- [WHAT YOU ARE ASKED TO DO] Please restate, exactly, only the lines from the beginning of the listing below through the line containing "The Baton is built using mortise and", with the pictures left out.
** SOURCE MATERIAL follows **
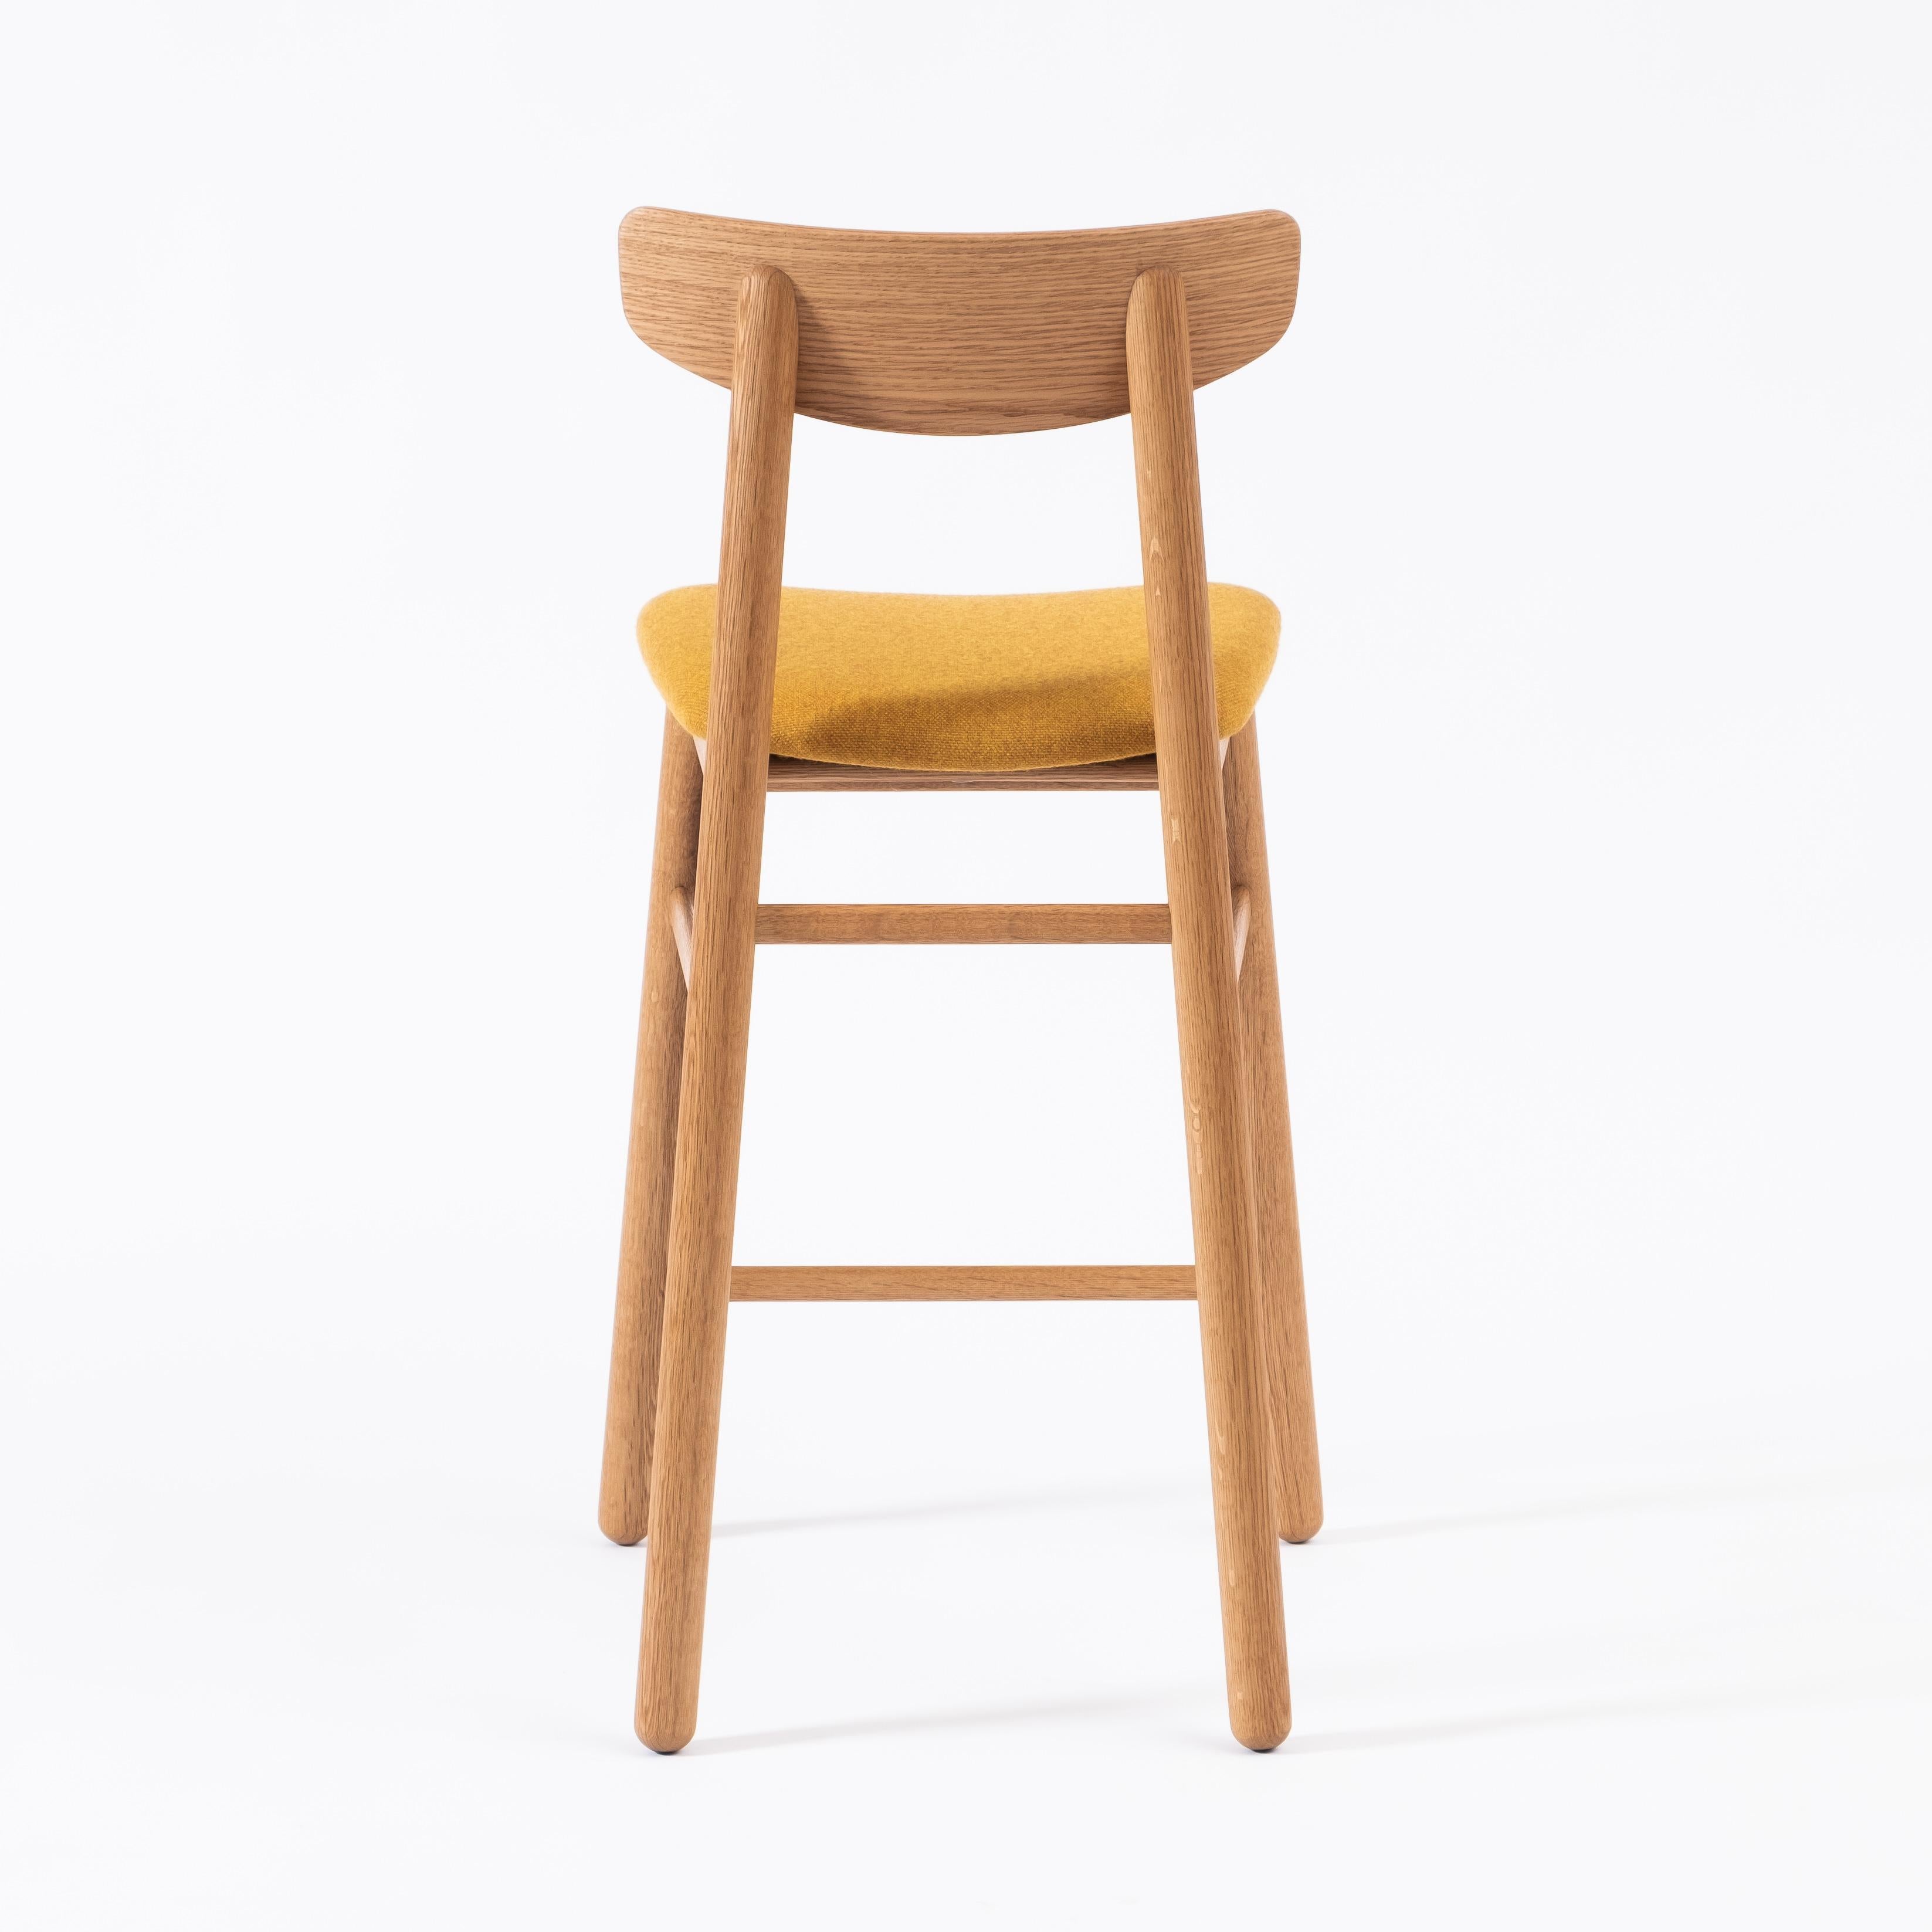 The Baton stool is a refined counter-height stool that blends a clean Mid-Century inspired aesthetic with traditional materials and joinery techniques. Each piece is handcrafted to order in our Ottawa studio.

The Baton is built using mortise and
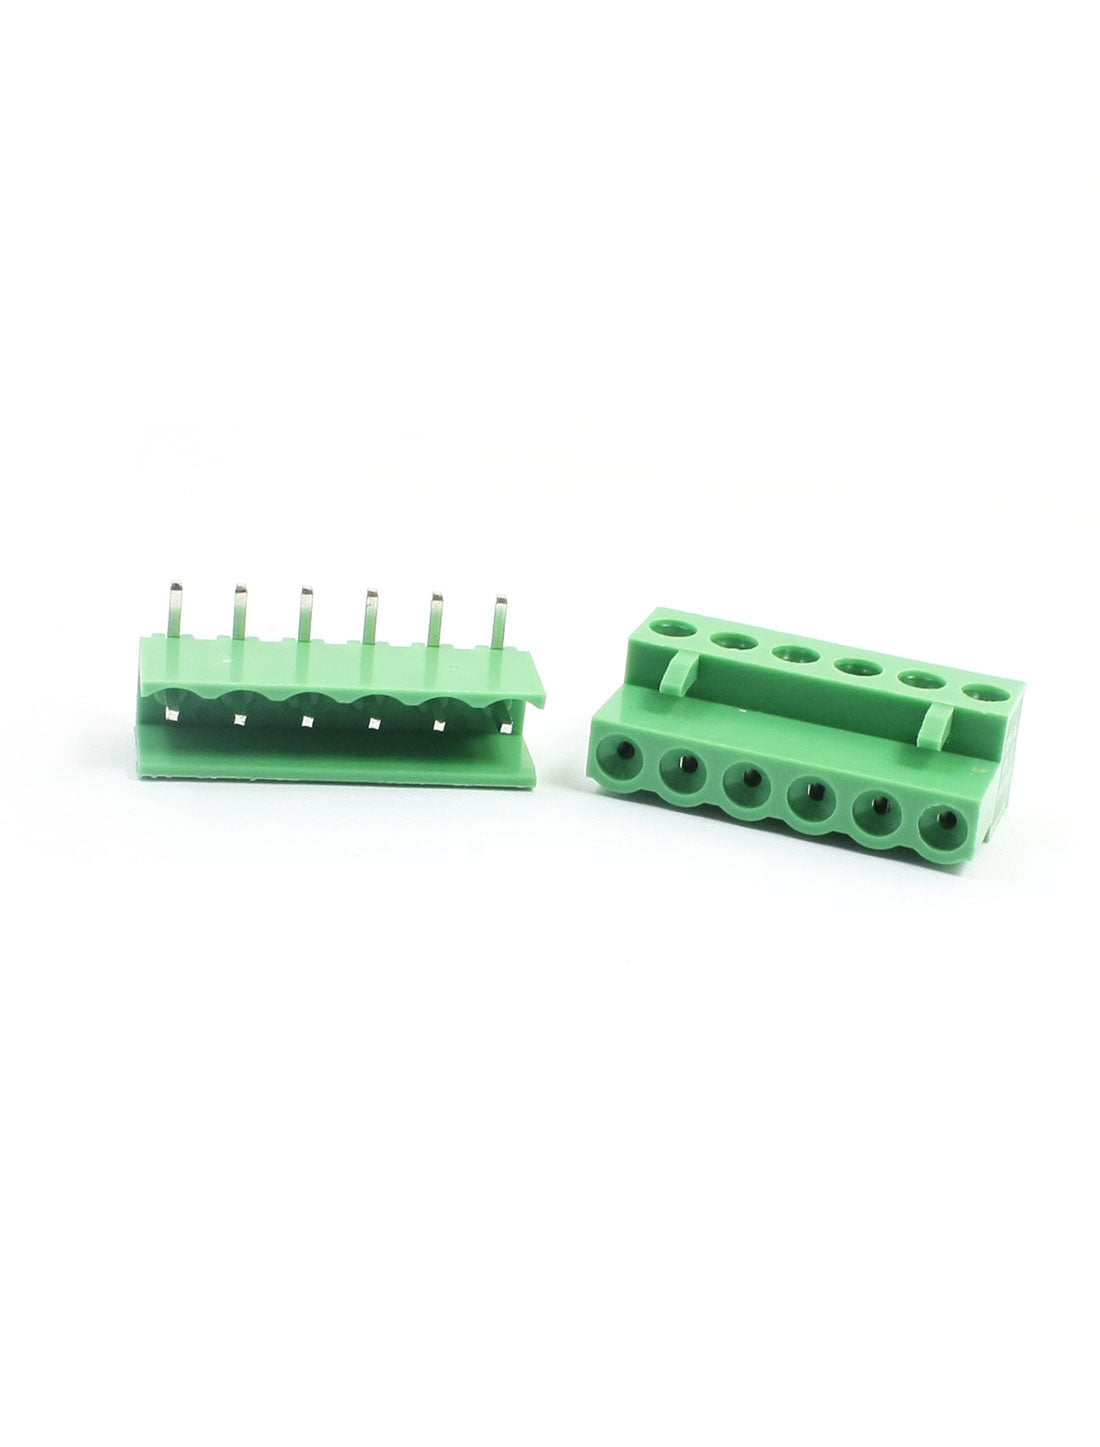 uxcell Uxcell 5 Pcs AC300V 10A 5.08mm Pitch 6-Pin Pluggable Type Through Hole PCB Terminal Barrier Block Connector for 14-26AWG Wire
** End of SOURCE MATERIAL **
- [SOLUTION FOR THIS EXERCISE]
 The Baton stool is a refined counter-height stool that blends a clean Mid-Century inspired aesthetic with traditional materials and joinery techniques. Each piece is handcrafted to order in our Ottawa studio.

The Baton is built using mortise and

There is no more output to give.